Yes, that's a real town, and that's where I live. 

I found the forum while doing a search for DSL channel mode switcher. Glad to see all the people here, and hope to learn a bit from the more knowledgeable forum members.

Thanks!


----------



## Adwex

Welcome to Marshall Land, c'mon in.


----------



## rockinr0ll

LOL. Nice town name... Do you have any information about it? It would be a funny read...


----------



## gag halfrunt

rockinr0ll said:


> LOL. Nice town name... Do you have any information about it? It would be a funny read...



As a matter of fact, I do 

Here's the short version. There's a link at the end of the article to see the longer story.


Enjoy!


----------



## D.Dailey

Yea...
I been to Hell and back!
And sometimes it really happens. 




I have to wonder,,, its 28 F here today with about 4 inches of fresh white stuff...
But is it really colder than Hell here today?? 


A place I like to visit in the summer,, but have no wish ,wonder ,or desire ,this time of year.. 








Good Luck..
And good to see ya..


----------



## MartyStrat54

When I lived in Misawa, Japan we used to get snow like that. It's incredible. You end up making tunnels with lights to get from the barracks to the chow hall. Crazy.

Anyway, welcome to our little HELL we call the Marshall Forum.


----------



## D.Dailey

MartyStrat54 said:


> When I lived in Misawa, Japan we used to get snow like that. It's incredible. You end up making tunnels with lights to get from the barracks to the chow hall. Crazy.
> 
> Anyway, welcome to our little HELL we call the Marshall Forum.

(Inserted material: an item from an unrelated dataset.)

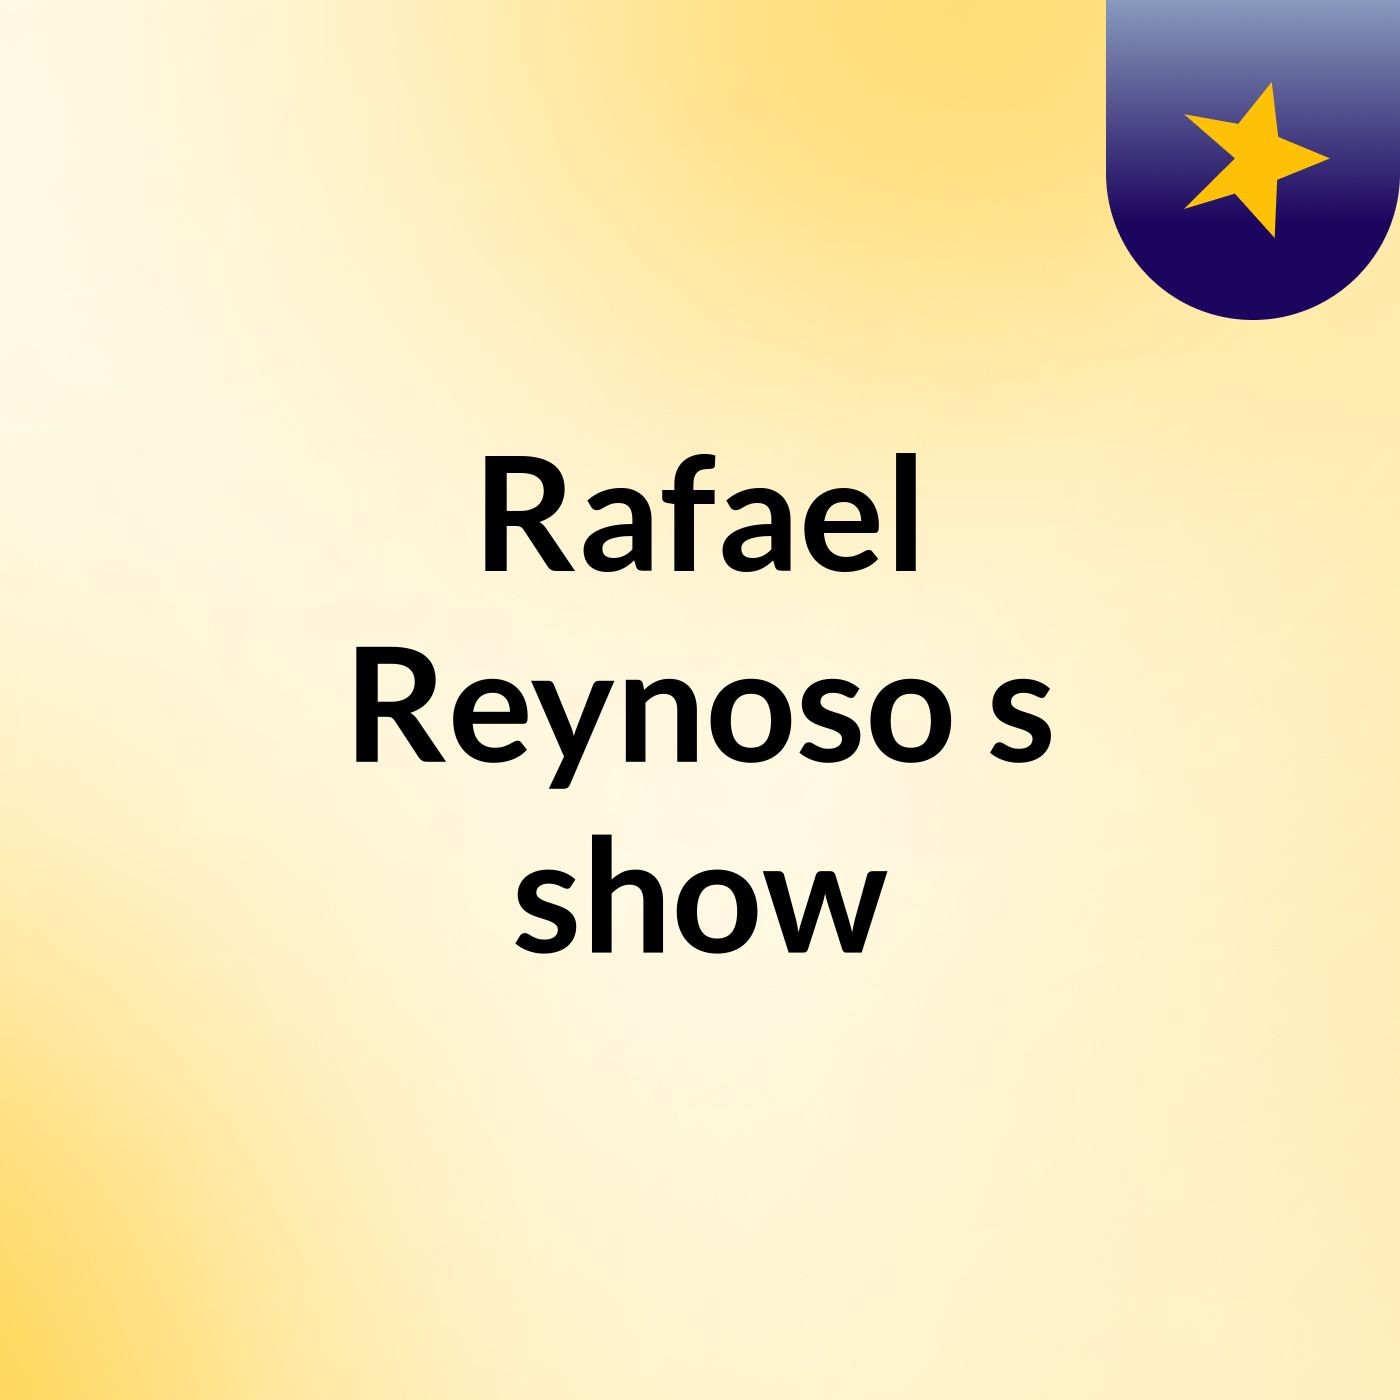 Rafael Reynoso's show

The winter of 78, I lived up a ways from here ,, right smack in the middle of 240 acres of asperagas and 260 acres of beans..
An excelent place to learn to shoot a rifle well..
I had one neibor in a mile..
But the 2 big storms we got back to back one week apart,, left me with no snow in my yard, it all blew away..
But I nearly drowned in a 25 foot drift, trying to get to the neibors to get milk, eggs, cigs, and beer.. 
I started keeping a half gallon or two on hand for researve..


----------



## rockinr0ll

gag halfrunt said:


> As a matter of fact, I do
> 
> Here's the short version. There's a link at the end of the article to see the longer story.
> 
> 
> Enjoy!


----------



## gag halfrunt

Very nice "stories from hell" you guys have 

I look forward to learning more here.


----------



## rjohns1

You sir, can go straight to HELL! (Sorry, I couldn't resist!)


----------



## solarburn

Welcome...Hell Child!!!!:Ohno:


----------